Warning : gaje, typo, pendek banget ceritanya, angst, suicide trigger.

Author hanya melakukan ini untuk unsur kesenangan bukan untuk keuntungan dalam bentuk apa pun.

Waktu musim dingin telah berlalu dengan keagungannya yang suram; setelah membawakan langit abu-abu dan pohon-pohon marmer yang begitu indah dalam keindahannya yang telanjang. Hari-hari yang dingin untuk ketenangan, sementara refleksi telah memudar membuat energi baru meningkat. Pada hari musim semi ini, Anzu melihat bunga-bunga yang mewarnai dunianya untuk hari-hari yang lebih hangat yang akan datang. Melambai tertiup angin seperti senyum yang lahir dari kosmos–kebahagiaan dalam nuansa cerah. Dia membiarkan matanya mengalir dari pohon ke pohon, memperhatikan kuncup-kuncup yang siap membuka ke dalam cahaya, menjadi seperti bendera hijau dalam angin yang terus menghangat.

Anzu tersenyum. Senyumnya seperti matahari yang membuka cahayanya untuk menyinari dirinya, hanya mencerahkan giginya yang lurus. Dirinya dipenuhi kebahagiaan hari ini. Entah mengapa ia merasa bersemangat untuk bertemu dengan teman-temannya setelah liburan sekolah yang panjang. Seragamnya yang rapi dan rambut yang tertata baik menandakan ia siap menghadapi hari sekolah. Ia pun merogoh saku untuk mengambil handphone dan men-scroll untuk melihat berita terbaru, menurut rumor sekarang ada sebuah penyakit endemik terbaru yaitu penyakit hanahaki.

Penyakit hanahaki (花 吐 き 病 (Jepang); 하나 하키 병 (Korea); 花 吐 病 (Cina)) adalah penyakit di mana korban batuk kelopak bunga ketika mereka menderita cinta sepihak. Itu berakhir ketika orang yang dicintai mengembalikan perasaan mereka (hanya cinta romantis; persahabatan yang kuat tidak cukup), atau ketika korban meninggal. Itu dapat disembuhkan melalui operasi pengangkatan, tetapi ketika infeksi dihapus, perasaan romantis korban untuk cinta mereka juga menghilang. Sebuah senyum merekah dari diri Anzu; senyum itu tumbuh di wajahnya seperti tanda cek guru yang malas, "tinta merah" yang memudar merentang ke lesung pipitnya penuh hiburan. Bagaimana tidak? Penyakit yang muncul karena kamu tidak dicintai itu hanya omong kosong.
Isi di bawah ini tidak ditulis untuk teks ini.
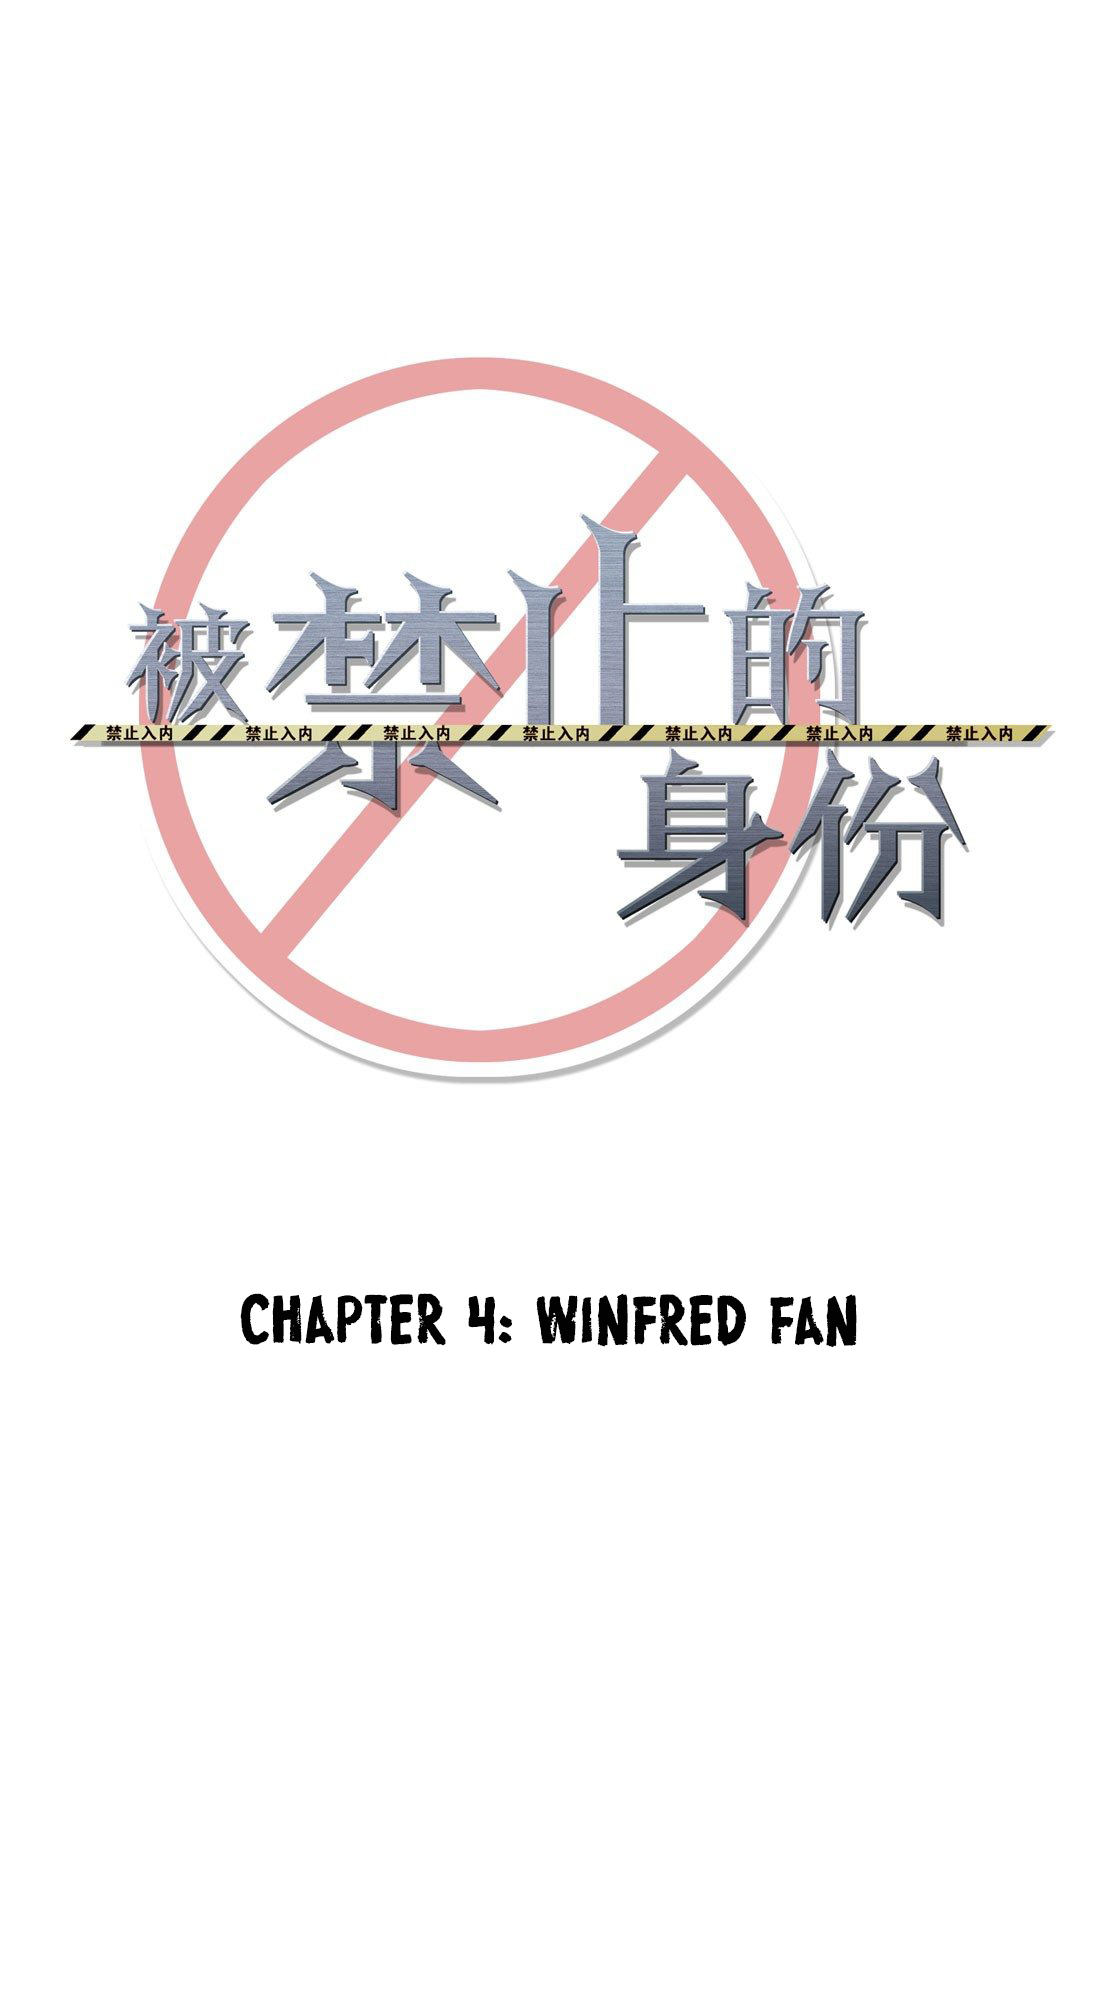 Forbidden Identity Ch. 4 Winfred Fan

Yah setidaknya itu yang dipikirkan Anzu.

Sesampainya di sekolah, Anzu sibuk mencari teman-temannya. Dia pun mencari sampai ke aula sekolah. Aula dipenuhi orang, dan kekacauan itu begitu sempurna, seperti di film. Ada pasangan yang selalu bermesraan di sisi kiri aula, dan sekitar sepuluh kaki lebih jauh ke bawah adagadis-gadis populer. Di seberang mereka terdapat geng atlet, dan di antara mereka, parade para geek band dengan kotak-kotak instrumen besar. Ada anak-anak teknologi di antara yang tidak pernah melakukan apa pun selain membuat pesawat kertas. Namun, hanya ada satu kelompok yang sangat suka melakukan permainan kartu dan seperti yang ditebak Anzu teman-temannya berada di sana. Anzu memanggil dan melambai ke arah mereka. Suaranya yang indah dan manis menggema hingga terdengar telinga teman-temannya. Anzu dapat melihat ada Yugi, Honda, Jonouchi dan siapa satu lagi yang mirip dengan Yugi itu?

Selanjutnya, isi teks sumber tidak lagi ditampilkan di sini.